# Spring loaded nail punches



## Woodco (Nov 19, 2016)

Sometimes I think Im the only one that uses these. https://www.amazon.com/dp/B003BHDHI6/ref=asc_df_B003BHDHI65168197/?tag=hyprod-20&creative=394997&creativeASIN=B003BHDHI6&linkCode=df0&hvadid=167152075853&hvpos=2o6&hvnetw=g&hvrand=11372972156476020908&hvpone=&hvptwo=&hvqmt=&hvdev=c&hvdvcmdl=&hvlocint=&hvlocphy=9028309&hvtargid=pla-305977014883

Seriously, why wouldnt they sell these everywhere? It took me three years to find any here in Austin. Turns out the SW by my house sells this pack for $10. A double sided nail set, and the other one is awesome for hinge pins, as I just discovered today. I've NEVER met a carpernter whos ever seen them, and most painters haven't either. Absolute MUST if you prep/paint new trim and doors.


----------



## kmp (Jan 30, 2011)

I have been using them for years, very handy tool.


----------



## Eagle Cap Painter (Nov 14, 2016)

My standard nail sets are essentially just hinge-pin-removers since I use a spring set for almost everything. If I'm taking a door off, I'm bringing pliers and a hammer anyway in case one sticks.


----------



## Vylum (May 12, 2016)

been looking for these for years. do want and need


----------



## DeanV (Apr 18, 2007)

I consider these a necessity.


----------



## MikeCalifornia (Aug 26, 2012)

They are great, but Im not sold on the hinge pin tool. Just an old hing pin works the best with a hammer.


----------



## Schmidt & Co. (Nov 6, 2008)

Absolutely love them. My only problem is I keep losing the dam things.lain:


----------



## RH (Sep 7, 2010)

Yeah, think I'm on my third set because I keep losing them too.


----------



## jr.sr. painting (Dec 6, 2013)

Schmidt & Co. said:


> Absolutely love them. My only problem is I keep losing the dam things.lain:




I don't loose them but my employees seem to think they grow on trees. That is until they have to buy their own and suddenly they don't go missing 


Sent from my iPhone using Tapatalk


----------



## mattpaints82 (Mar 7, 2013)

These are awesome! I have only used the hinge pin one a couple times, one of those times i sent the hinge pin hurling into the ceiling.. :surprise:


----------



## RH (Sep 7, 2010)

mattpaints82 said:


> These are awesome! I have only used the hinge pin one a couple times, one of those times i sent the hinge pin hurling into the ceiling.. :surprise:


Hopefully there wasn't oil, W-D 40, or black graphite dust (all three?) all over the place. :sad:


----------



## Eagle Cap Painter (Nov 14, 2016)

RH said:


> Hopefully there wasn't oil, W-D 40, or black graphite dust (all three?) all over the place. :sad:


When will people learn that WD-40 is a terrible lubricant?


----------



## mattpaints82 (Mar 7, 2013)

RH said:


> Hopefully there wasn't oil, W-D 40, or black graphite dust (all three?) all over the place. :sad:


Its almost like you were standing right beside me. The trifecta of funk shot to the ceiling like a missile with the pin.:vs_mad: Luckily we were painting the ceiling so i had touch up paint, always nice to have at least one thing work in your favor. lain:


----------



## ParamountPaint (Aug 25, 2016)

I got turned onto these several years ago. I think they are great, but they seem to chip up pretty often. They must be made of very hard or brittle steel.

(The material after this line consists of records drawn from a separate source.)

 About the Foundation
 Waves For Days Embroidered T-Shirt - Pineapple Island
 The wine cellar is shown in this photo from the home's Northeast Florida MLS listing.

Either way, I buy new ones whenever I need them. They used to carry them at my local SW, but no longer. Have to Amazon them now.

They'll pinch you good if you're not paying attention.


----------



## getrex (Feb 13, 2017)

Hate them with a passion. For all of their convenience.. if you have to use them for any length of time they will make your fingers go numb and stay that way (for over a week in my case). They should have been designed with a rubber grip to protect your fingers.


----------



## ridesarize (Jun 19, 2012)

I love those too, but seriously they will blister up or at least make your fingers hurt if using them more than a few times.

So when I prep milpacks I use the regular style set.

Spring set for small jobs is good though.


----------



## mattpaints82 (Mar 7, 2013)

getrex said:


> Hate them with a passion. For all of their convenience.. if you have to use them for any length of time they will make your fingers go numb and stay that way (for over a week in my case). They should have been designed with a rubber grip to protect your fingers.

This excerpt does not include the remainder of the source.